The Risk of Too Little Inflation

Low inflation may sound appealing, but as Russ explains, it has drawbacks for investors.

By any account the U.S. equity market is having a stellar year. Stocks have benefited from easier financial conditions, which have in turn pushed up market multiples. By a happy coincidence, gains in market multiples have exactly matched the 15% gain in the S&P 500 Index.

But while stocks have benefited from cheap money and higher multiples, they have more recently been constrained by concerns over growth. The challenge is that the same slowdown that led the Federal Reserve to pivot and stop raising rates also puts earnings at risk. Recent developments in the inflation-linked bond market (i.e., Treasury Inflation Protected Securities, or TIPS) suggest that investors are right to be a bit more cautious.

Inflation expectations embedded in the TIPS market are signaling that already low inflation will fall even lower. In late April, the 10-year TIPS breakeven (BE), i.e. the amount of inflation TIPS investors expect during the next decade, was about 1.95%. Today, the 10-year BE is below 1.70%. The outlook for the next five years is even softer, roughly 1.50%. And while inflation expectations are higher using different market measures, such as inflation swaps, the direction is still down (see Chart 1).

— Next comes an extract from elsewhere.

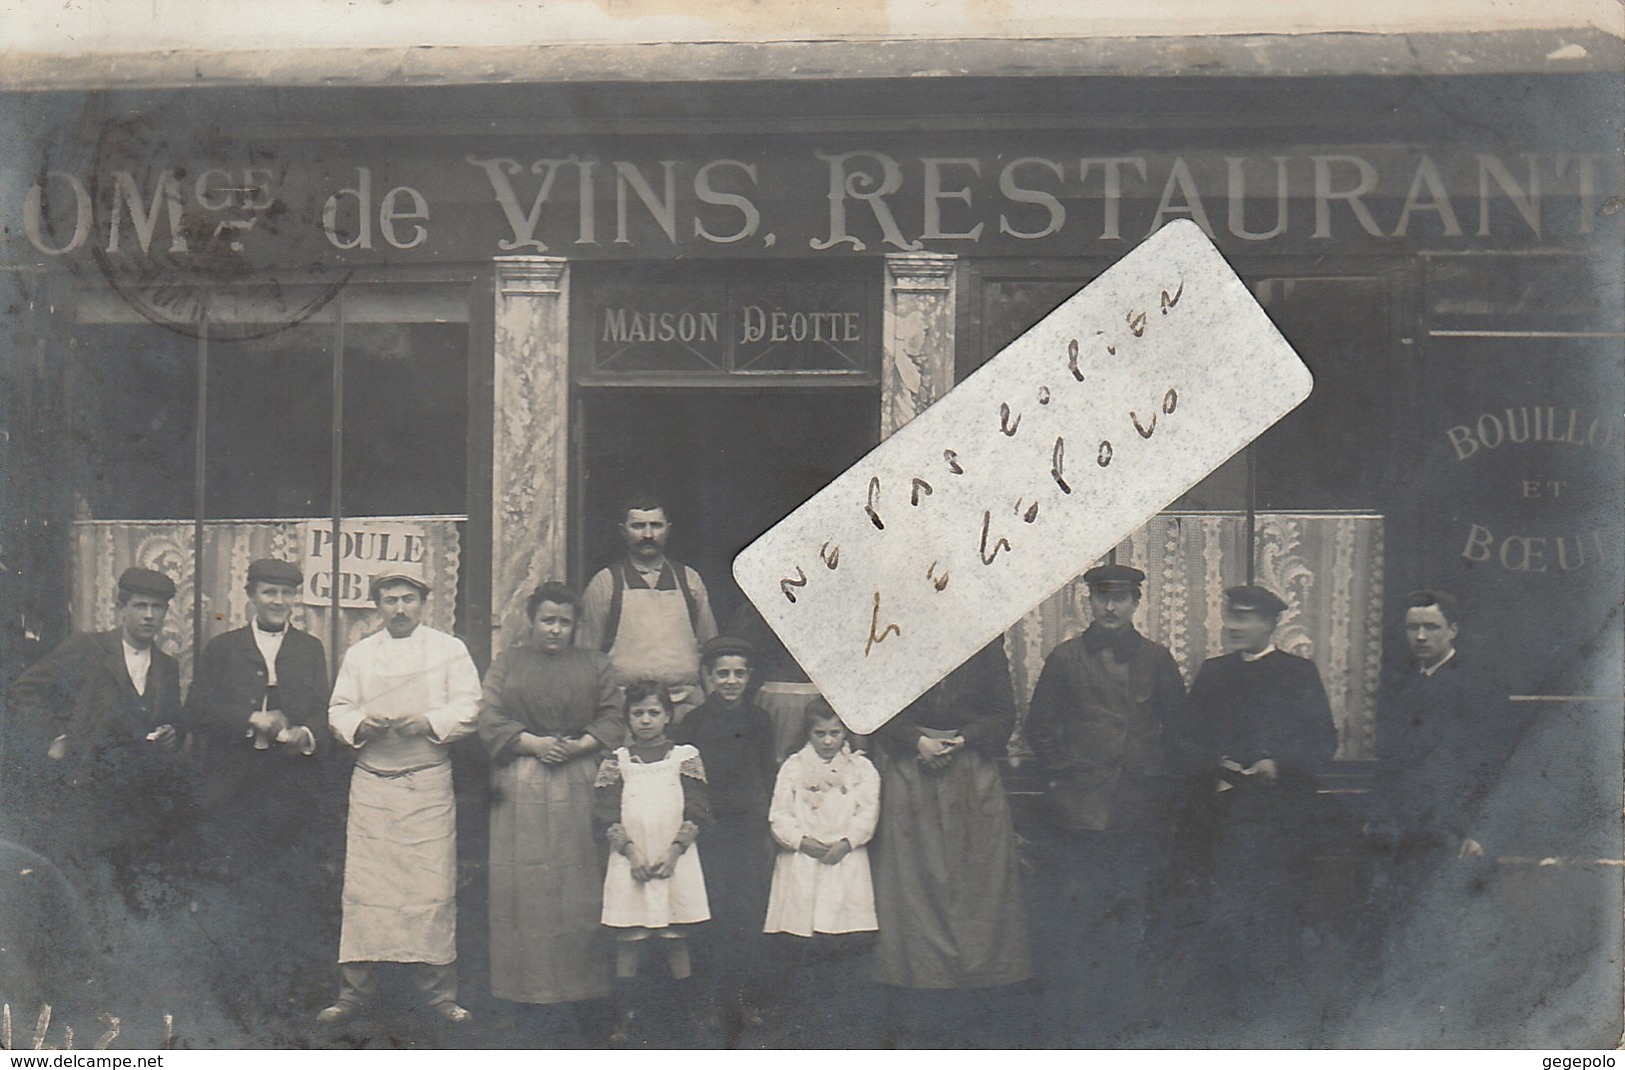 COURBEVOIE - Maison DEOTTE - Commerce De Vins , Restaurant     ( Carte Photo ) - Courbevoie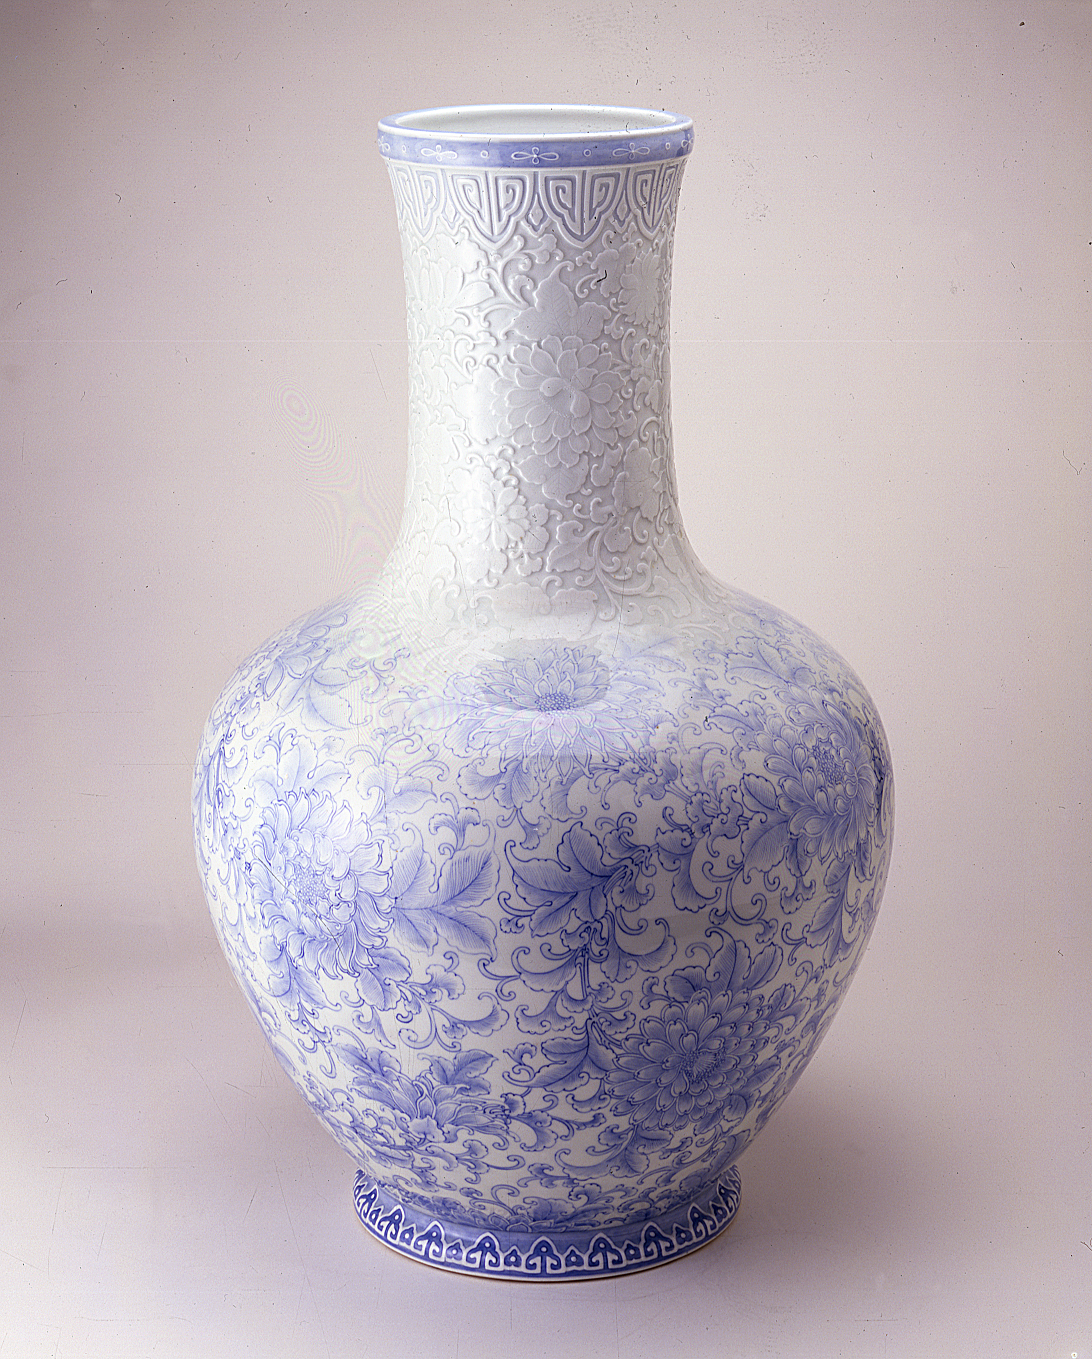 Big vase with hōsōge flowers

As I highlighted back in March, in the post-crisis environment long-term BE rates and U.S. equities have been closely correlated. The reason is that inflation expectations provide a rough proxy of corporate pricing power and, by extension, margins. During the past 20 years, profit margins have averaged 6.5% in periods of below-average inflation expectations, defined as less than 2%. Conversely, in periods of above-average inflation expectations profit margins have averaged over 8%.